Given the linear system
$$
\mathbf{A} x = y,
$$
the least squares solution is defined as
$$
x_{LS} = \left\{
x \in \mathbb{R}^{n} \colon
\lVert
\mathbf{A} x - y
\rVert_{2}^{2}
\text{ is minimized}
\right\}
$$
Please note that the length $\lVert x \rVert$ is not minimized here. It is the difference between data and prediction $\lVert \mathbf{A}x-y \rVert$ which is minimized.
The general least squares solution is
$$
x_{LS} =
\color{blue}{\mathbf{A}^{+}b} +
\color{red}{\left( \mathbf{I}_{n} - \mathbf{A}^{+}\mathbf{A} \right) z}, \quad z \in \mathbf{R}^{n}
$$
Because you have stipulated an underdetermined problem where $m<n$, the solution will not be unique. The affine space of least squares minimizers is represented by the red dashed line in the figure below.

The solution vector of least length is the vector which lies within the column space, $\color{blue}{\mathbf{A}^{+}b}$.

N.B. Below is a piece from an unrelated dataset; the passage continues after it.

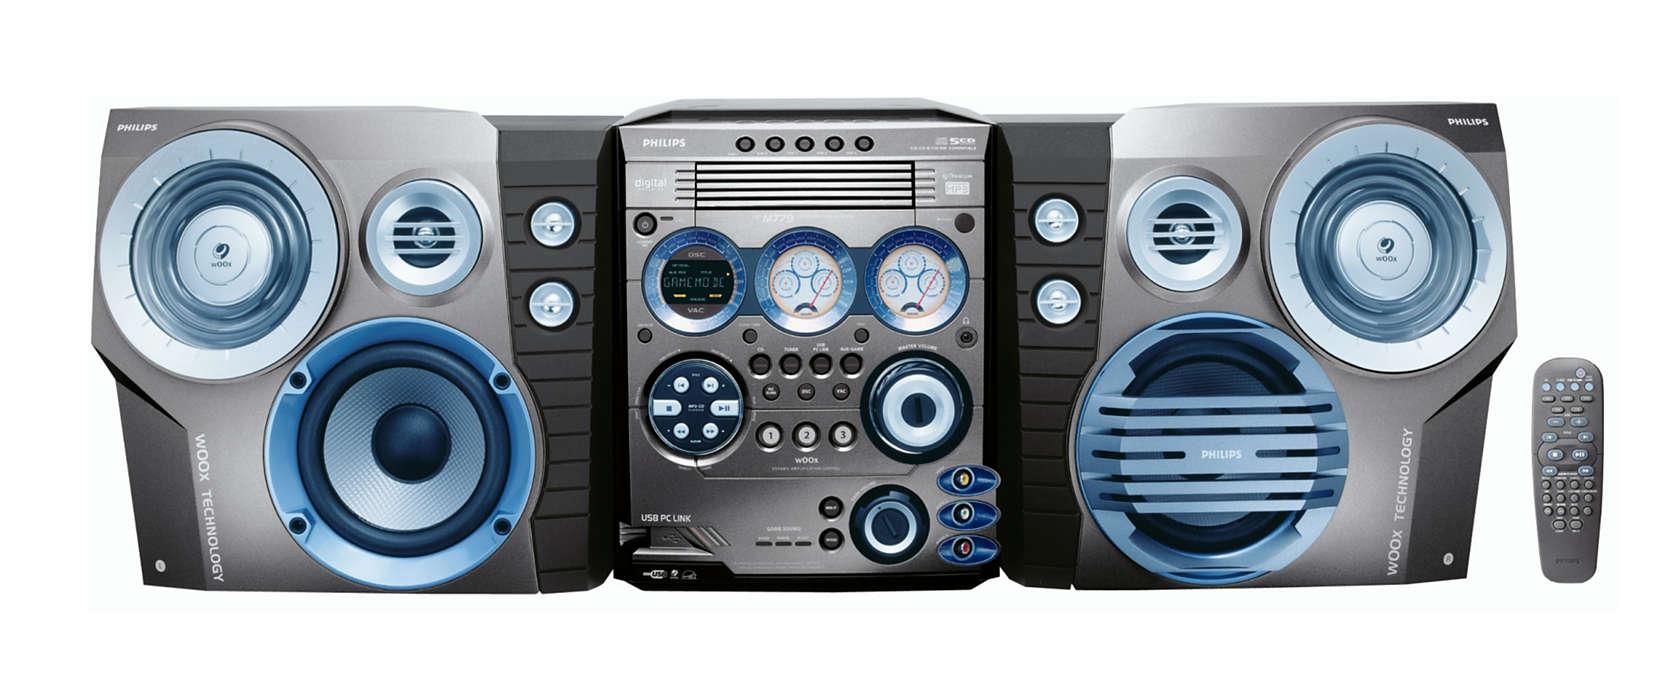 Controla a distancia la música MP3 del PC

You ask about the projector matrix
$$
\color{red}{\mathbf{P}_{\mathcal{N}(\mathbf{A})}} =
\color{red}{\left( \mathbf{I}_{n} - \mathbf{A}^{+}\mathbf{A} \right)} =
\color{red}{\mathbf{V}_{\mathcal{N}} \mathbf{V}_{\mathcal{N}}^{*}}
$$
which assume the singular value decomposition
$$
\begin{align}
\mathbf{A} &=
\mathbf{U} \, \Sigma \, \mathbf{V}^{*} \\
%
&=
% U
\left[ \begin{array}{cc}
\color{blue}{\mathbf{U}_{\mathcal{R}}} & \color{red}{\mathbf{U}_{\mathcal{N}}}
\end{array} \right]
% Sigma
\left[ \begin{array}{cccccc}
\sigma_{1} & 0 & \dots & & & \dots & 0 \\
0 & \sigma_{2} \\
\vdots && \ddots \\
& & & \sigma_{\rho} \\
& & & & 0 & \\
\vdots &&&&&\ddots \\
0 & & & & & & 0 \\
\end{array} \right]
% V
\left[ \begin{array}{c}
\color{blue}{\mathbf{V}_{\mathcal{R}}}^{*} \\
\color{red}{\mathbf{V}_{\mathcal{N}}}^{*}
\end{array} \right] \\
%
& =
% U
\left[ \begin{array}{cccccccc}
\color{blue}{u_{1}} & \dots & \color{blue}{u_{\rho}} & \color{red}{u_{\rho+1}} & \dots & \color{red}{u_{n}}
\end{array} \right]
% Sigma
\left[ \begin{array}{cc}
\mathbf{S}_{\rho\times \rho} & \mathbf{0} \\
\mathbf{0} & \mathbf{0}
\end{array} \right]
% V
\left[ \begin{array}{c}
\color{blue}{v_{1}^{*}} \\
\vdots \\
\color{blue}{v_{\rho}^{*}} \\
\color{red}{v_{\rho+1}^{*}} \\
\vdots \\
\color{red}{v_{n}^{*}}
\end{array} \right]
%
\end{align}
$$
Constructing the Moore-Penrose pseudoinverse
$$
\mathbf{A}^{+} =
\left[ \begin{array}{cc}
\color{blue}{\mathbf{V}_{\mathcal{R}}} & \color{red}{\mathbf{V}_{\mathcal{N}}}
\end{array} \right]
%
\left[ \begin{array}{cc}
\mathbf{S}^{-1} & \mathbf{0} \\
\mathbf{0} & \mathbf{0}
\end{array} \right]
%
\left[ \begin{array}{c}
\color{blue}{\mathbf{U}^{*}_{\mathcal{R}}} \\ \color{red}{\mathbf{U}^{*}_{\mathcal{N}}}
\end{array} \right]
$$
leads to
$$
\mathbf{A}^{+} \mathbf{A} =
%
\left[ \begin{array}{cc}
\color{blue}{\mathbf{V}_{\mathcal{R}}} & \color{red}{\mathbf{V}_{\mathcal{N}}}
\end{array} \right]
%
\left[ \begin{array}{cc}
\mathbf{I}_{\rho} & \mathbf{0} \\
\mathbf{0} & \mathbf{0}
\end{array} \right]
%
\left[ \begin{array}{c}
\color{blue}{\mathbf{V}^{*}_{\mathcal{R}}} \\ \color{red}{\mathbf{V}^{*}_{\mathcal{N}}}
\end{array} \right]
$$
You can see how the central matrix product acts like a stencil, removing all range space components.